Hace poco, abordé el tema en mis redes sociales, aunque muchos amigos se escandalizaron, pero numerosas personas de mente abierta, incluidos católicos, lo aceptaron porque mi argumento era lógico. Resulta que, en aquella ocasión, pude presenciar algo en un templo, que me preocupó. Sucede que un devoto estuvo allí, mismo que, sin guantes y con la mascarilla en la mano, tocó la imagen, se persignó y colocó una vela ante el ídolo. No se puso alcohol antes, ni después de orar. Luego, una mujer ingresó al sitio e hizo lo mismo. Tampoco ella portaba guantes, ni se colocó alcohol al ingreso y a la salida del templo. Me di cuenta del peligro de contagio que se corría en el lugar y por eso lo denuncié, pero, como dije, me fusilaron por ello con argumentos de fe.
Cabe señalar que vivimos supuestamente en un Estado Laico, pero este derecho, maravilloso y justo, en el Gobierno actual se ha visto vulnerado en múltiples ocasiones, sobre todo, porque en varios problemas que hemos tenido, se ha podido ser testigo de la actuación de esta entidad privada, en asuntos públicos.
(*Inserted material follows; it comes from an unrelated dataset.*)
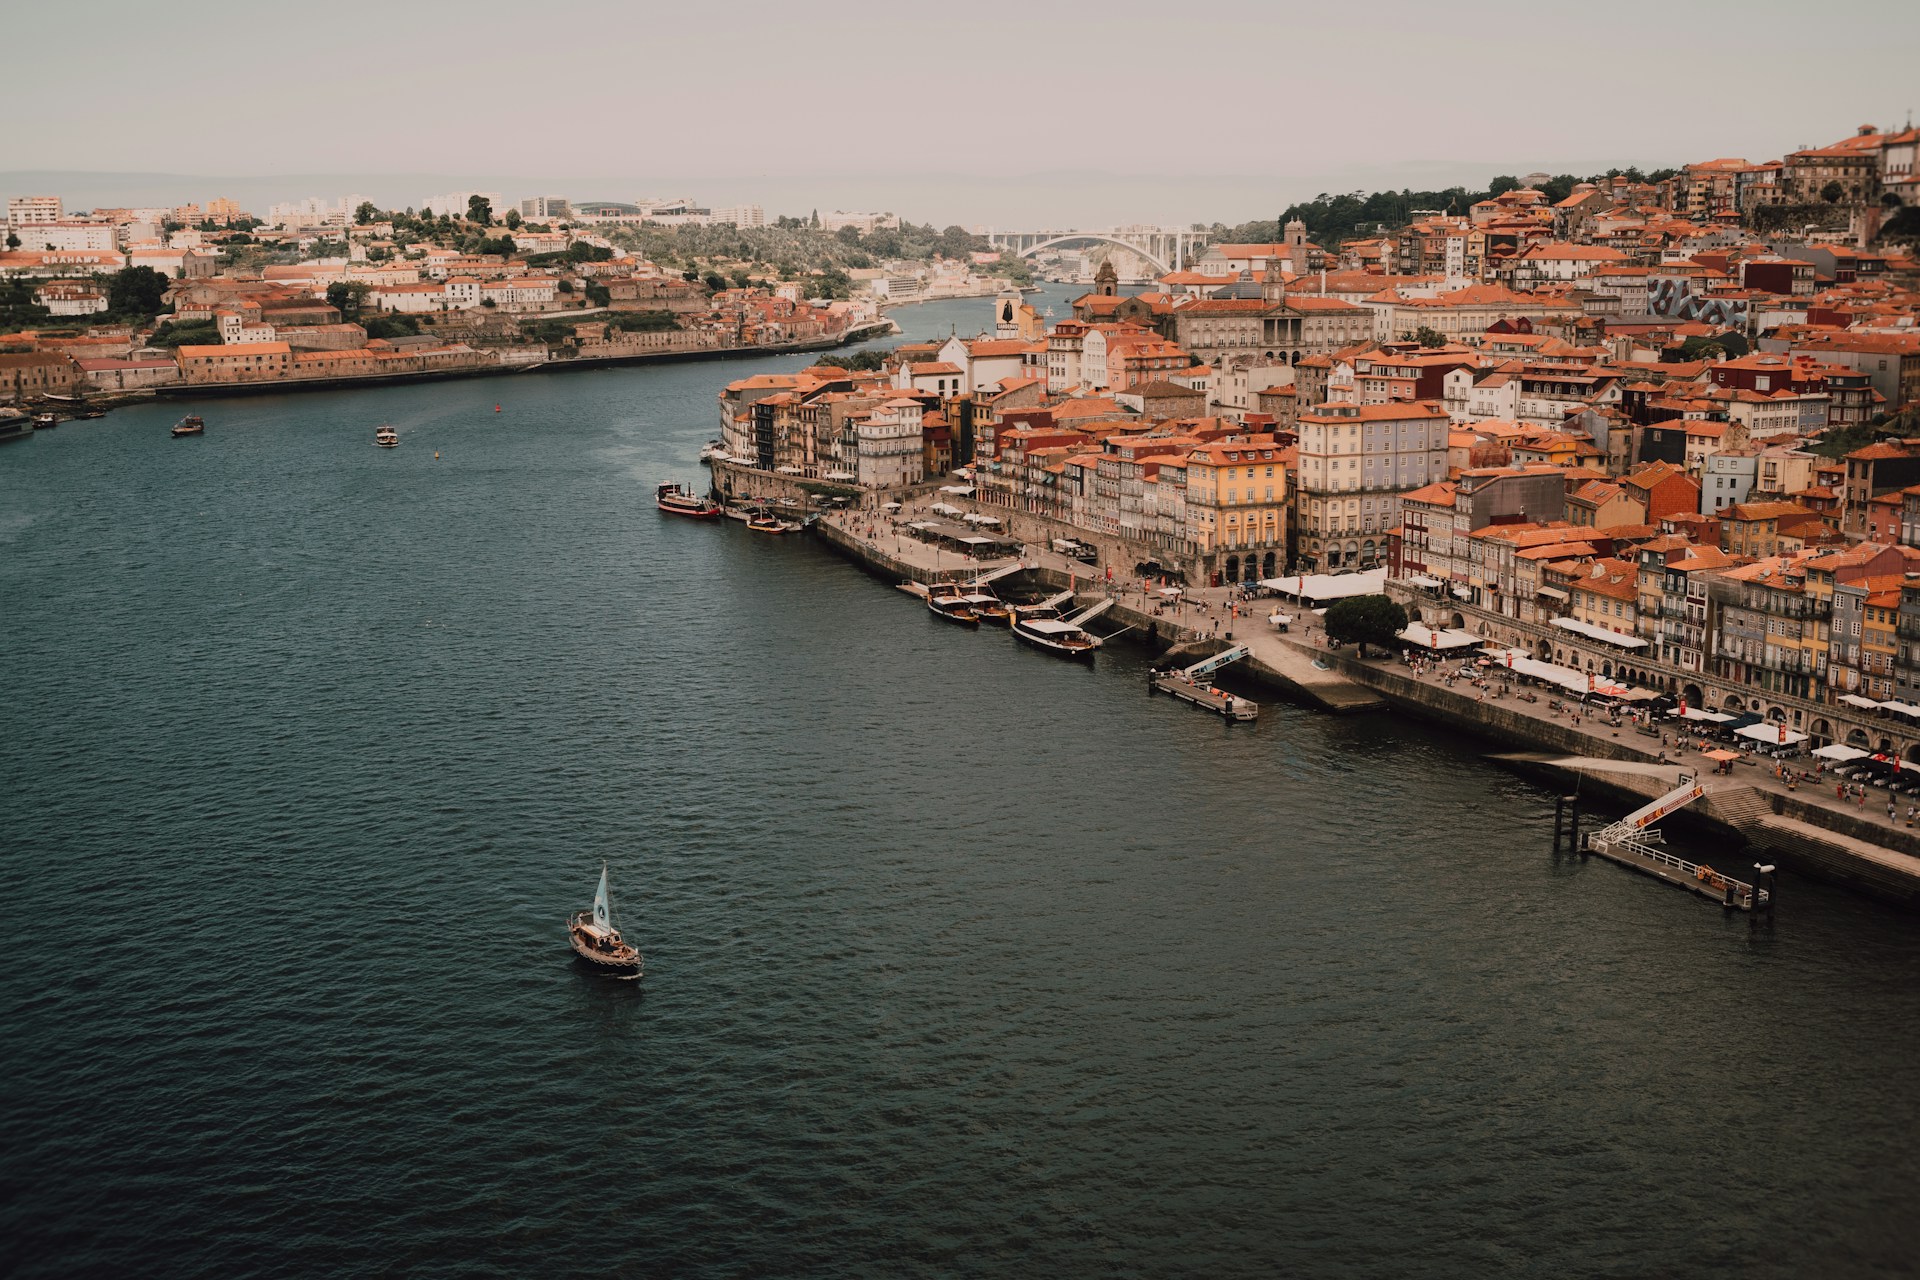 DIG-IN PRO: 5 Sugestões para todas as ocasiões – Porto
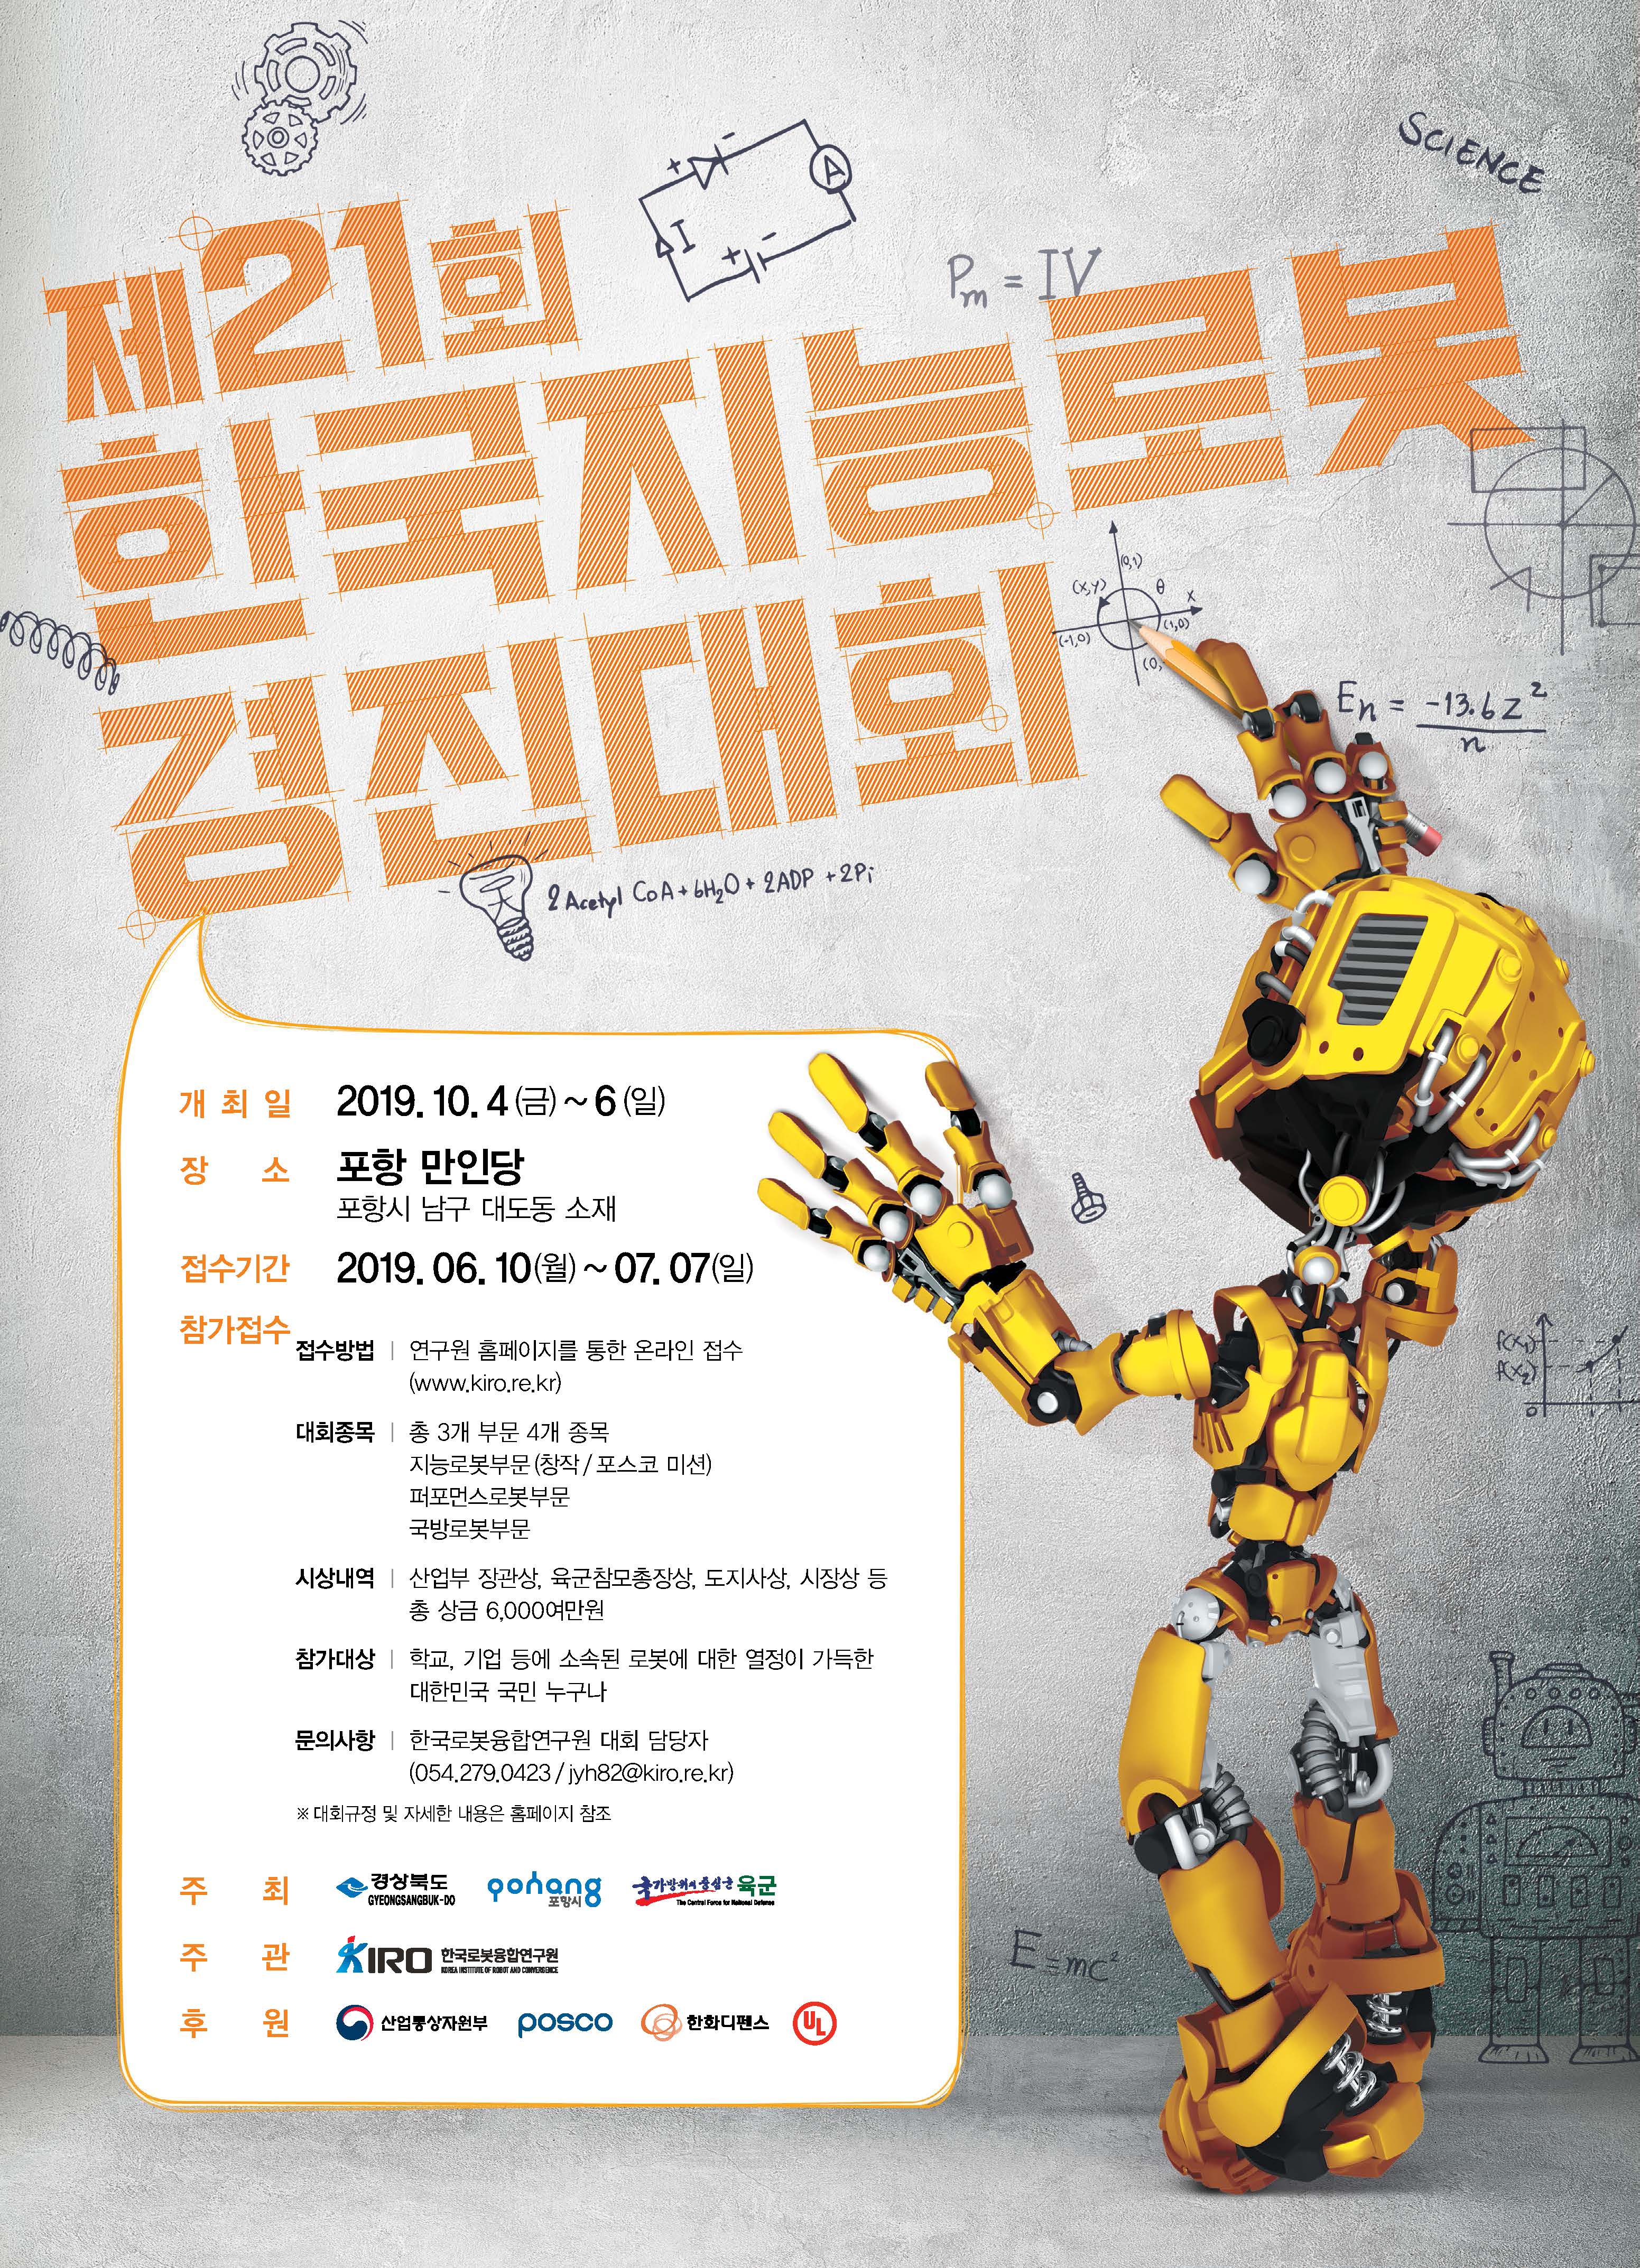 제21회 한국지능로봇경진대회 (21th KIRC)

En el caso del terrorista “Wacho”, durante las manifestaciones de octubre y en la emergencia actual, la Iglesia ha tomado posición en el problema como si fuese una institución del Estado. La entrega de los kits de emergencia, por ejemplo, no deberían hacerlo las curias católicas, como se ha propuesto, sino que las autoridades civiles son las llamadas a tomar esa potestad, cual ya lo hicieron en este primer mes de pandemia. El Estado Laico, que fue conquistado por Alfaro, no ha sido entendido, y por ello es que se ha vulnerado en múltiples ocasiones.
Ojalá se pueda concienciar a la gente que el hablarle de laicismo no es exigirle que pierdan su fe, ni mucho menos, se está “blasfemando” contra el ser supremo en el que creen. Más bien, el Estado Laico apela a que haya una libertad, en donde todos puedan manifestar abiertamente su religión o escepticismo, y nadie imponga sus creencias a otro por medios legales. El Estado Laico es algo poco entendido, pero que guarda una esencia de libertad en sus principios.